Money-changers come under STR
FE Report |
August 19, 2008 00:00:00
The Bangladesh Bank (BB) has asked the money-changers to comply with the new Anti-money Laundering Ordinance 2008 through the suspicious transaction reporting (STR), officials said.
"We've included the name of money changers in our list of reporting agencies in line with the existing ordinance," a BB senior official told the FE Monday.
He also said the central bank has added the names of insurance companies and money changers in its list of reporting agencies in line with the Financial Action Task Force on Money Laundering (FATF) recommendations. The FATF has already approved 49 recommendations to curb money laundering and terror financing.
The FATF is an inter-governmental body whose job is to develop and promote policies, both national and international, to combat money laundering and check financing of terrorism.
The central bank has already issued a circular in this connection and asked the chief executive officers of money changers to follow the instruction for submitting the STR in line with the existing ordinance.
The money changers will have to preserve detailed information about their clients for a minimum period of five years on the basis of the existing ordinance, the central bank said in its circular.
Different financial institutions, including banks, non-banking financial institutions (NBFIs), insurance companies and money changers have been put under ambit of the ordinance as reporting agencies.

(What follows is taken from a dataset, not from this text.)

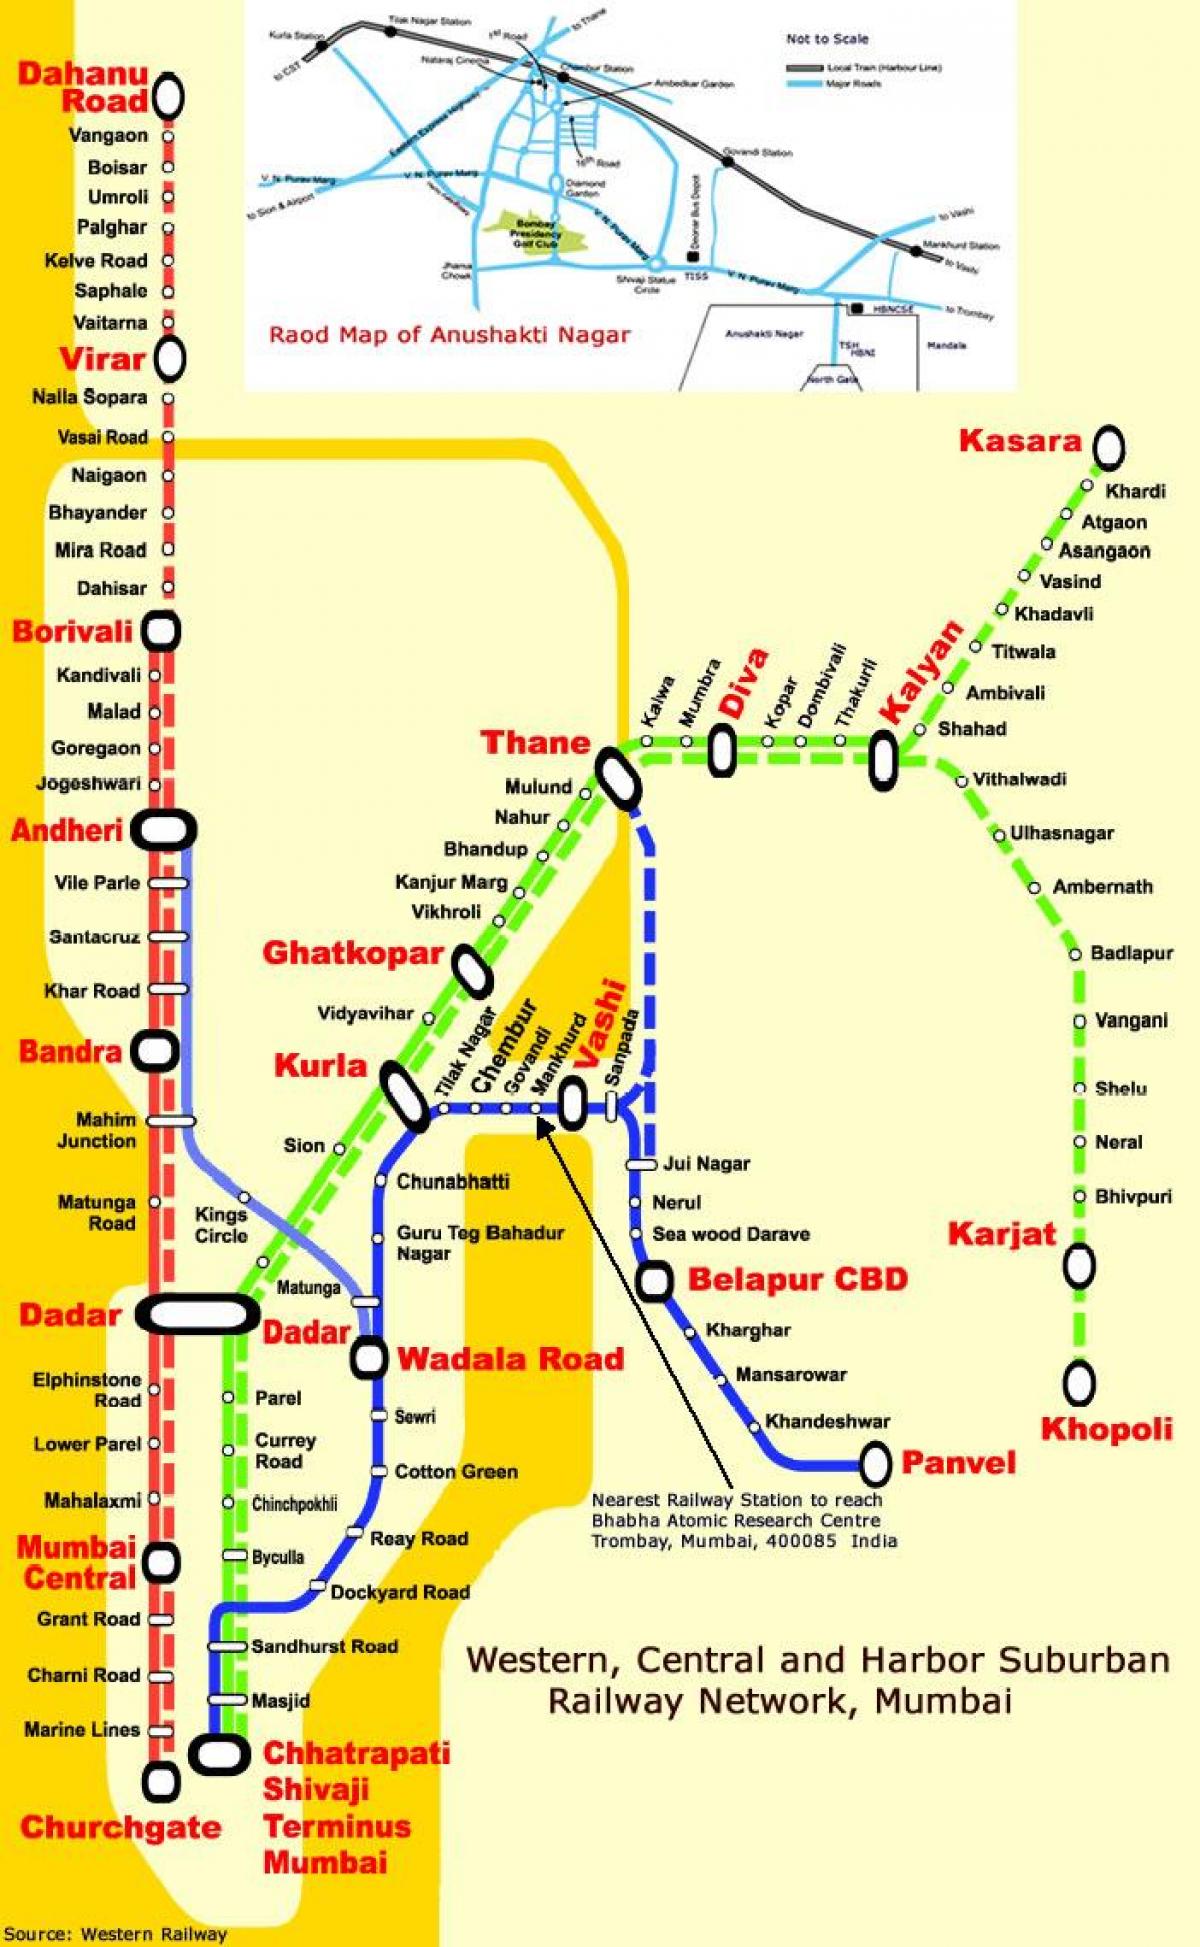 મુંબઇ સેન્ટ્રલ વાક્ય સ્ટેશનો નકશો

As per the ordinance, the money changers along with others financial institutions will have to inform the Anti-money Laundering Department of the central bank instantly if they detect any suspicious transaction.
The central bank will now be able to penalise banks, NBFIs, insurance companies and money changers anywhere between Tk 10,000 and Tk 0.5 million for failure to submit reports relating to money laundering in accordance of the ordinance.